Alice: The
Complete First Season (1976 –
1977/Warner Archive)/Franklin &
Bash: The Complete First Season (2011/Sony)/Louie: The Complete Second Season (2011/Fox/all DVD sets)
Picture:
C+/C+/C Sound: C+ Extras: D/C+/C Episodes: A-/B/C
PLEASE NOTE: Alice
is only available from Warner Bros. in their Warner Archive series and can be
ordered from the link below.
The TV
situation comedy came out of several traditions, including B-movie comedy
series and radio comedy series when network radio ruled before TV ever
arrived. After TV’s rise in the 1950s,
sitcoms were here to stay for a long time and by the time All In The Family arrived, groundbreaking sitcoms followed far
beyond spin-offs of that classic. These
latest releases show us the rise and fall of what followed, including the state
of sitcoms today.
In what
is one of the longest waits for a major hit TV show ever in home video history,
Warner Bros. is finally issuing Alice:
The Complete First Season (1976 – 1977), but surprisingly from its Warner
Archive on-line Manufacturer-On-Demand (MOD) division. This is a shock considering this is one of
the biggest hit TV shows the studio ever made, but it is finally here. Previously, some episodes of the show had
made it to a single DVD from Warner’s Television
Favorites series that we reviewed at this link:
http://www.fulvuedrive-in.com/review/3879/Alice+-+Television+Favorites
Many
viewers of the time still think this was made by Norman Lear, but it was
(again) derived from Martin Scorsese’s hit film Alice Doesn’t Live Here Anymore and may be one of the most
successful direct movie-to-TV adaptations ever.

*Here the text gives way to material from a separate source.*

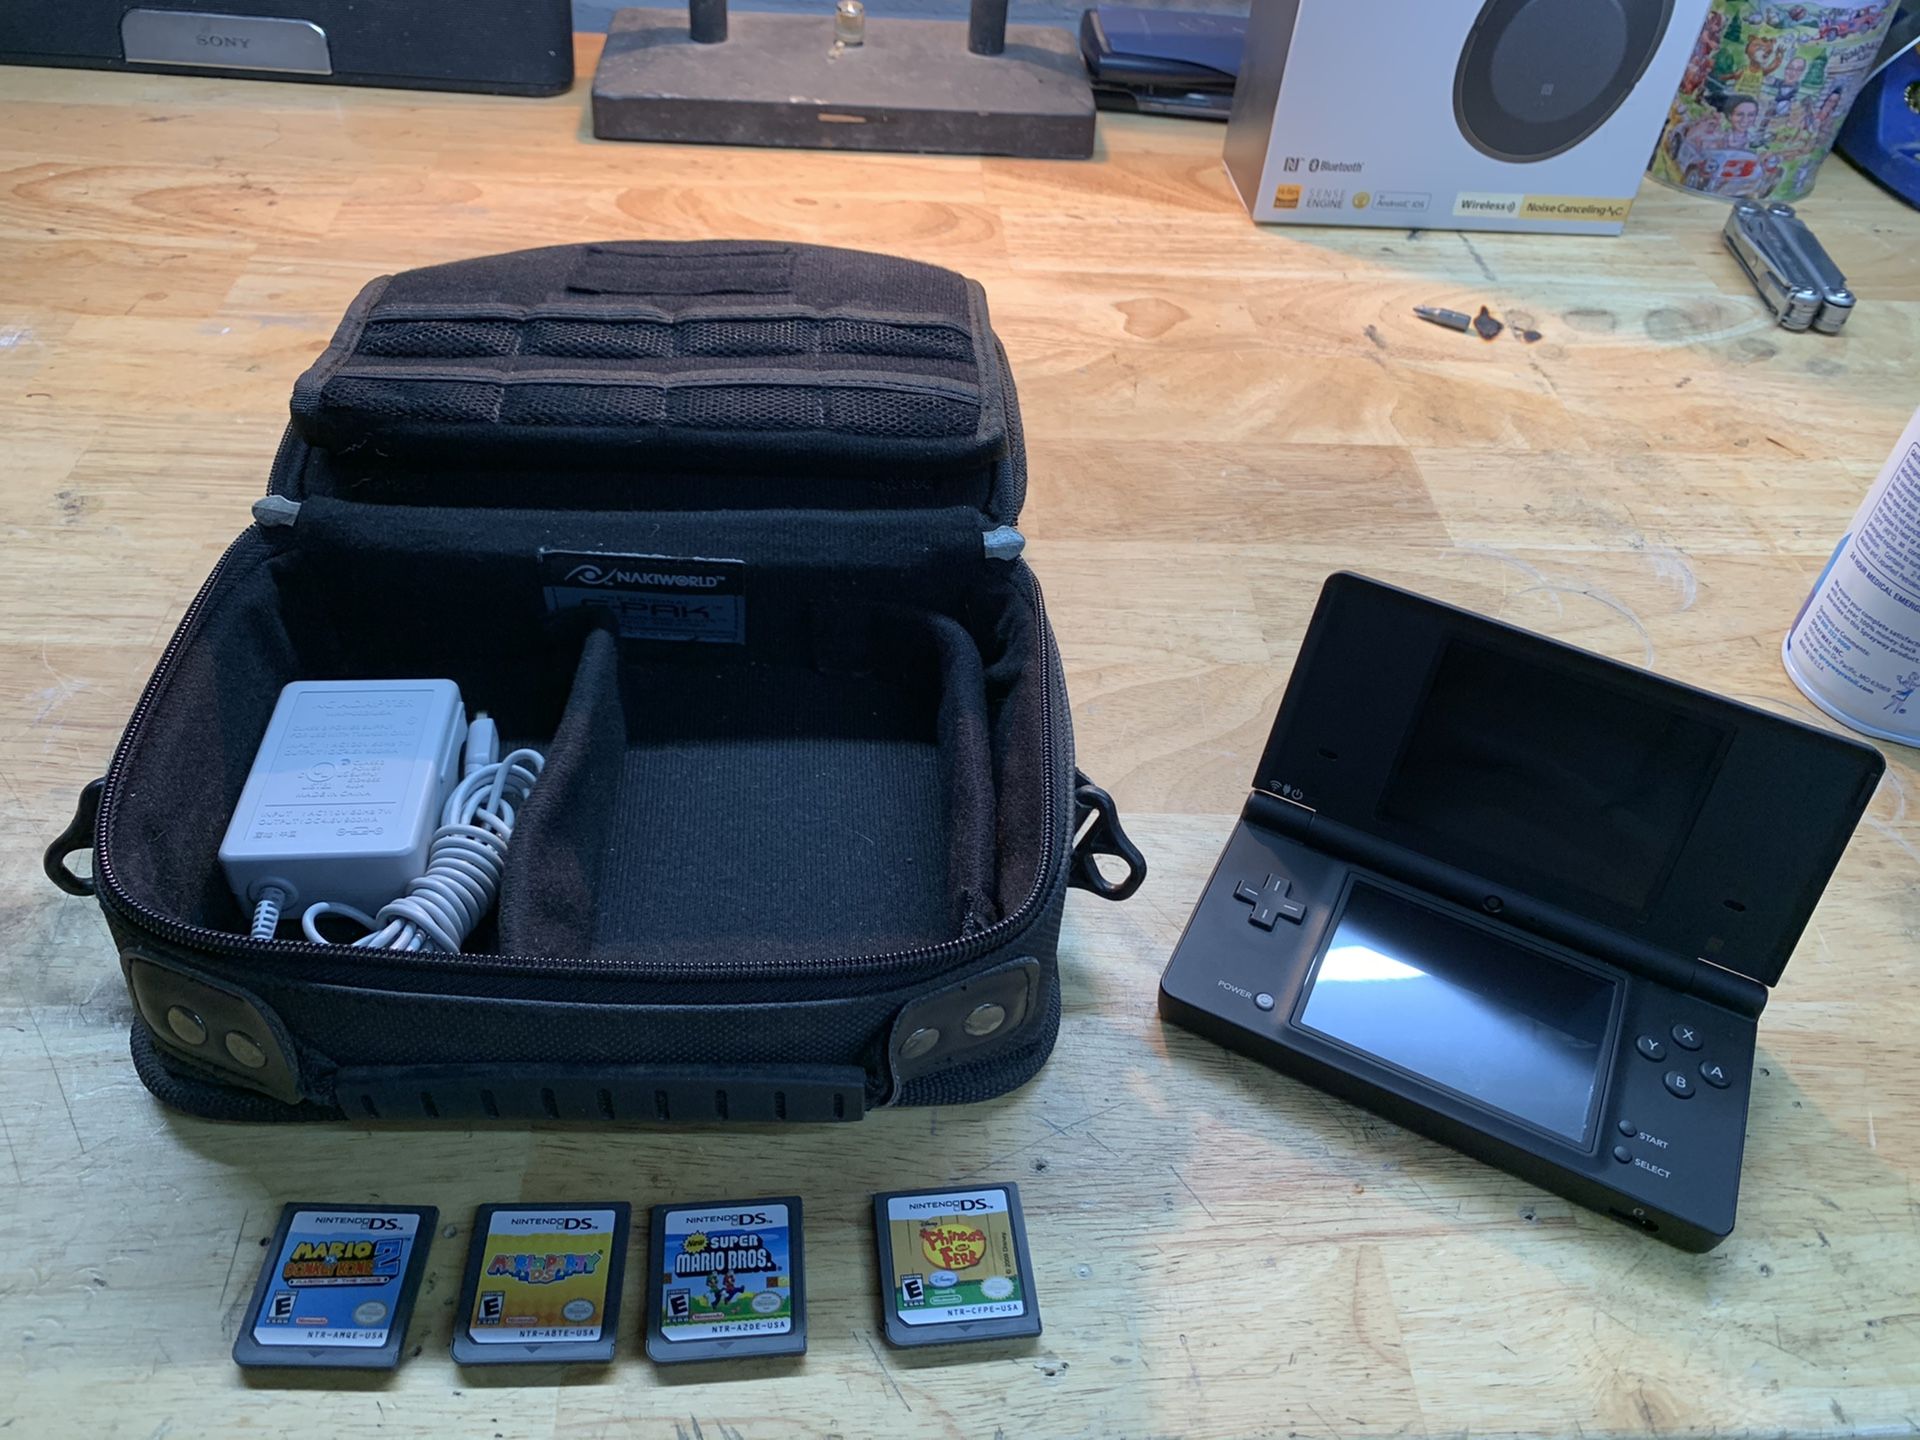 DSi with 4 games and case

The show was paired by CBS with The Jeffersons to make one of the most
profitable and successful sitcom ratings pairing in TV history, but the show
moved into a new direction both as compared to the Scorsese film and Lear’s
sitcoms, was different than the somewhat gritty melodrama and developed its own
sense of humor, feel and instant chemistry between the cast.
Alfred
Lutter was carried over as son Tommy Hyatt, but it seems he did not match Linda
Lavin taking over from Ellen Burstyn in the title role of the widow who breaks
down in Phoenix, Arizona
on her way to Hollywood,
so Lutter was replaced by a much younger Philip McKeon and that worked. Vic Tayback also moved over from the film as
the loud owner and cook at Mel’s Diner, but Diane Ladd was replaced by Polly
Holliday as Flo (the catchphrase “kiss my grits” was the catchphrase for the
show and her signature) and Valerie Curtin was replaced by Beth Howland as
Vera. The latter two are waitresses who
become best friends with Alice
and make up the de facto family at the diner.
Unlike
past female-lead sitcoms where the women had great careers or ones with great
promise (Mary Tyler Moore’s Mary Richards worked a TV station, Bea Arthur’s
Maude was a progressive housemaid, Bonnie Franklin’s Ann Romano was also
working well-paying jobs), Alice was a waitress just getting by and TV had
never seen a working class character like this before. She was also upbeat, persistent, smart, a
great mother, very smart, optimistic and a true feminist figure who became an
icon influential to this day. You can
see it in independent films like Adrienne Shelley’s underrated Waitress (reviewed elsewhere on this
site) and in the late Donna Summer’s first big comeback hit She Works Hard For The Money.
Logging
in 24 half-hour episodes, you can see how the pilot with Lutter as Tommy looked
more like the Scorsese film. It is
darker-looking, the credits are more abstract (ironically, the new credits for
the series until it ended with the next show includes footage from the Scorsese
film), the diner far more junky and loaded with older equipment, the feel more
over-accessorized. The makers paired
down the diner and came up with a more effective look and it worked. No show before or since had the character of
this show and you can almost tell this from all other sitcoms in subtle ways by
its look.
David
Susskind, ironically a relative of Norman Lear, was a producer on the Scorsese
film and the pilot of the series, but left afterwards. The show touched on many social issues from
cheating (financially and in relationships) to gun control in more than one
case to sex education for children to sexual harassment to a wide range of
other issues while being funny, having some great character development to
having humor we had never seen on TV before to some items that would seem
politically incorrect today, but that comes wit the territory of actually
dealing with adult issues.
Rarely
has final casting been so great and as you watch each show (something you can
only do in this set in order) you can see how quickly the chemistry develops,
the actors find their characters and how energetic and great this show was and
still is as it has suddenly become as relevant as ever in the wake of so much
regressiveness in the media against women.
One thing
that did not work was trying to launch Tm Mahoney as a regular customer named
Travis, who was played as a down-home Phoenix
guy with a different sense of humor in a sort of Art Carney as Ed Norton
way. This did not work and feels like an
idea from the pilot session that did not work.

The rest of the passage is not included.